I’m currently diagnosing a Beaglebone Black (A6A) failure. It’s been running for a few months at about 20% cpu load on average. Yesterday I was looking into some intermittent ethernet issues (may be unrelated to this issue) and, after power cycling it, I was not able to communicate with it at all (not via ethernet over network, not via ethernet directly, and not via the onboard USB ethernet connection). The heartbeat light still flashes.
The microHDMI port does not show anything on the screen (but looks like it does have a signal).
I attached the serial port output. It seems to point to eMMC issues. Do these error messages indicate a hardware failure or could it just be a corrupt filesystem? I have not yet tried to flash the eMMC in order to keep it in its current state.
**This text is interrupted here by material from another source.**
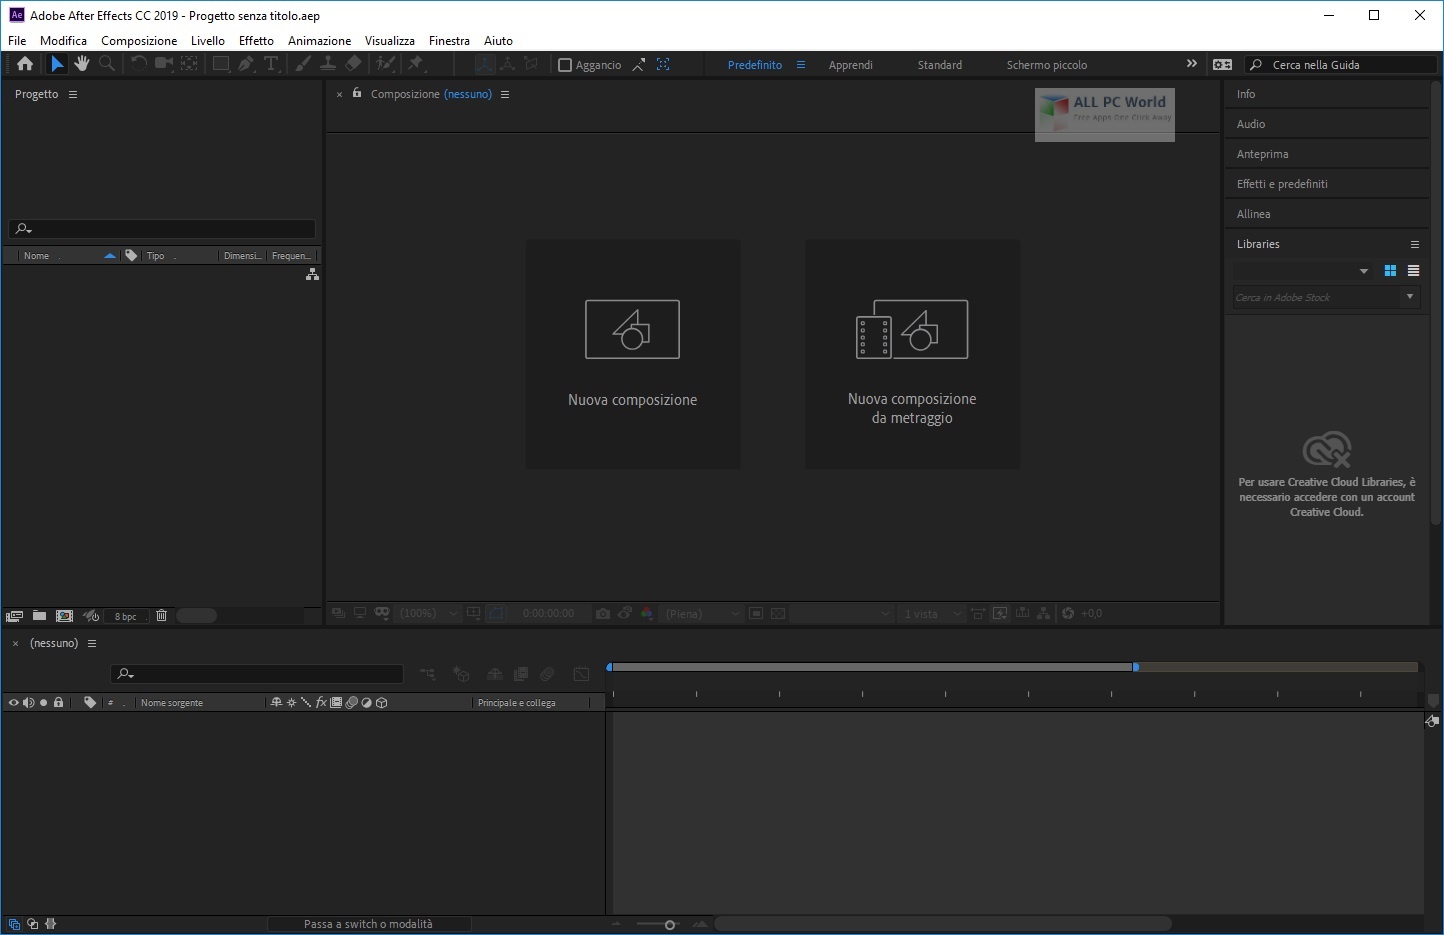 Adobe After Effects CC 2020 v17.0.5

Thanks, anyone who can provide insight,
bbb_failure_serial.txt (9.42 KB)
Also the u-boot messages seem mangled. Not sure what would cause that – if it’s a problem with my serial connection I would expect to see further mangling once the kernel starts to boot, and on the initramfs prompt, but that all seems intact.
Shutdown Linux before powering down.
I tried it again without microhdmi / usb keyboard connected, and got intact messages from U-Boot.
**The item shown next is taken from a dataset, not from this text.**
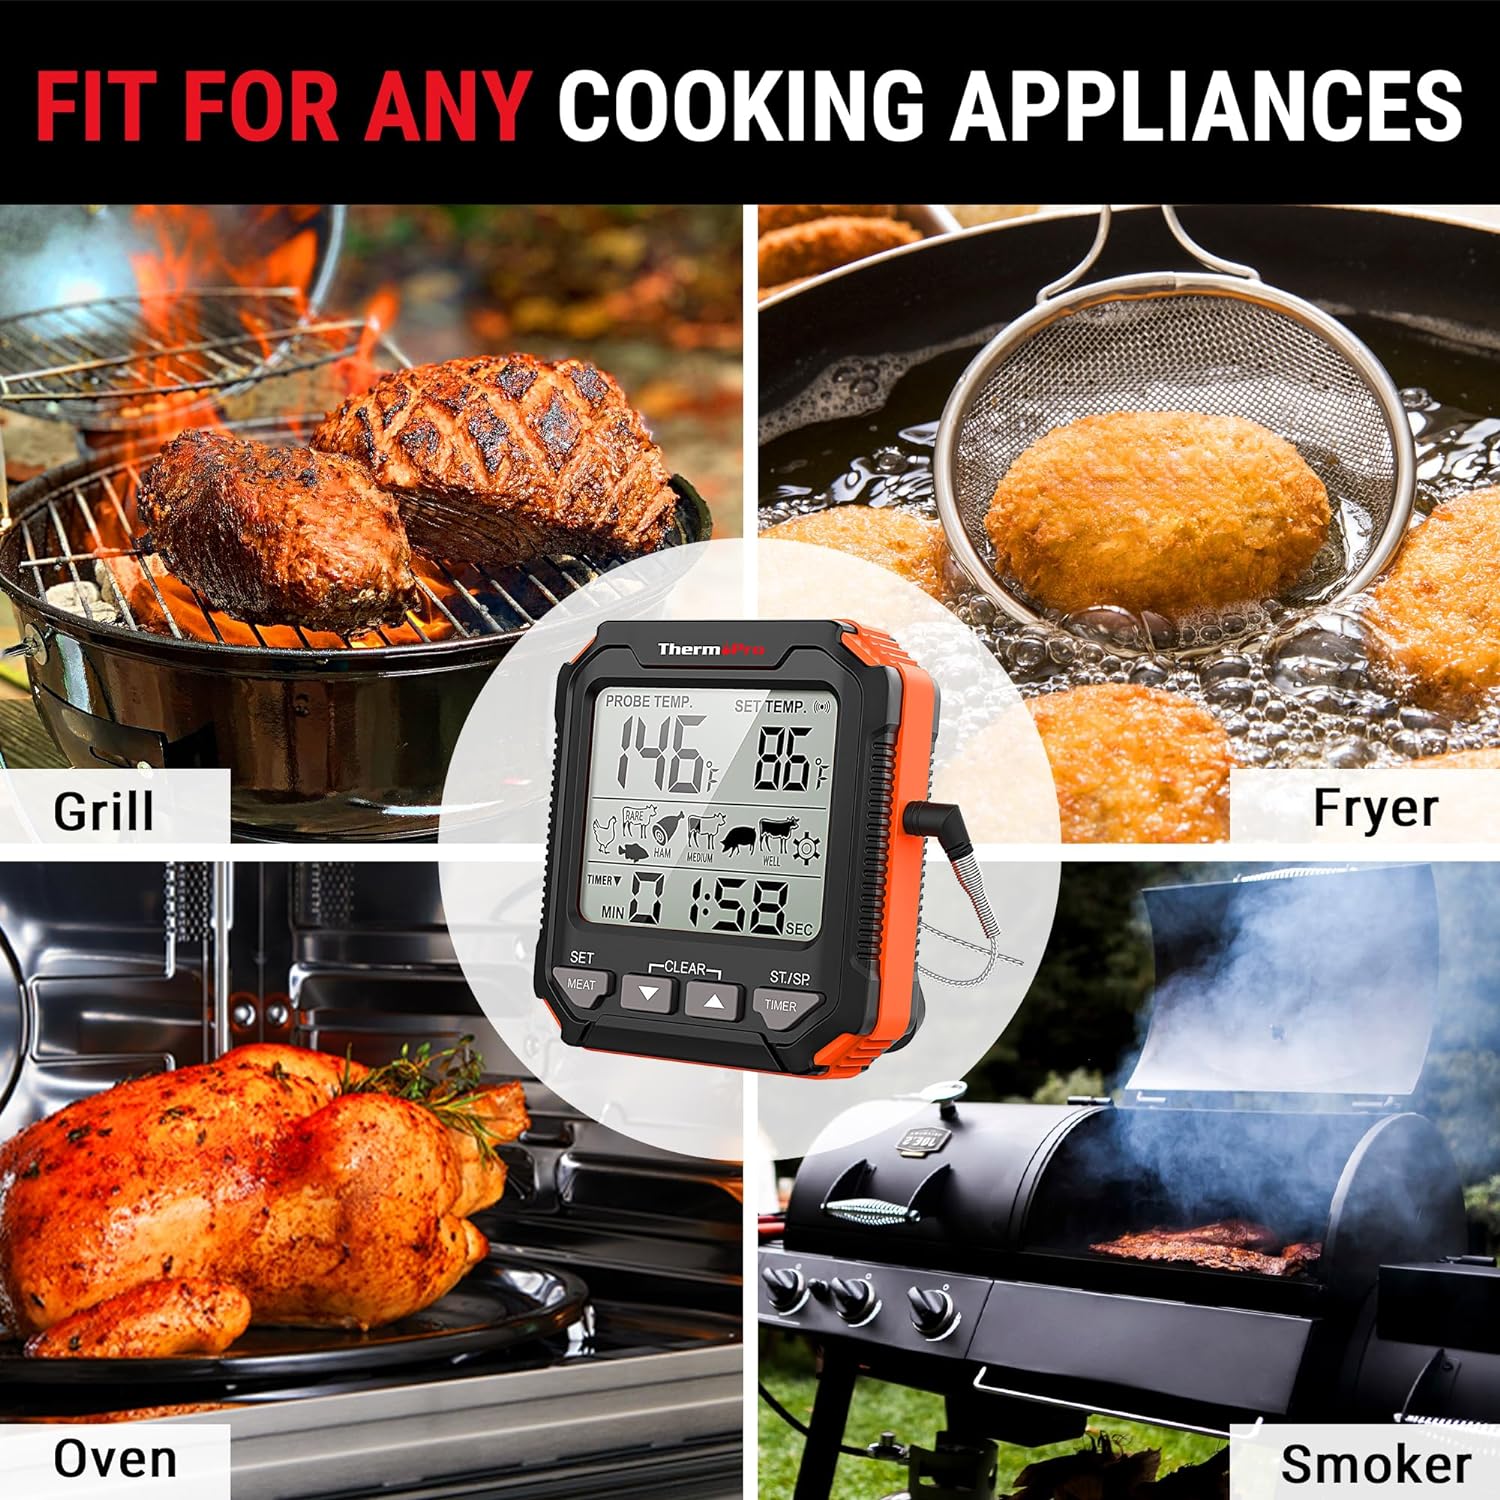 ThermoPro TP716 Digital Meat Thermometer

bbb_failure_serial_2.txt (3.18 KB)
So you are implying this is a corrupt filesystem issue?
I won’t be able to guarantee power failures won’t occur during runtime for this application, but if this is a corruption issue I don’t have a problem making the root partition read-only.
That would be my guess. Yes, making it read only will help. Or attach a battery that can keep it powered up until shutdown can occur, and have the kernel shut it down. A lot of discussion in the forum on this topic.
Thanks for your help.
I’m now trying to re-flash the eMMC, but every time I try, after a few minutes all LEDs blink in what looks like an error pattern (two short blinks then pause). I tried using the same uSD to flash another board, which worked fine.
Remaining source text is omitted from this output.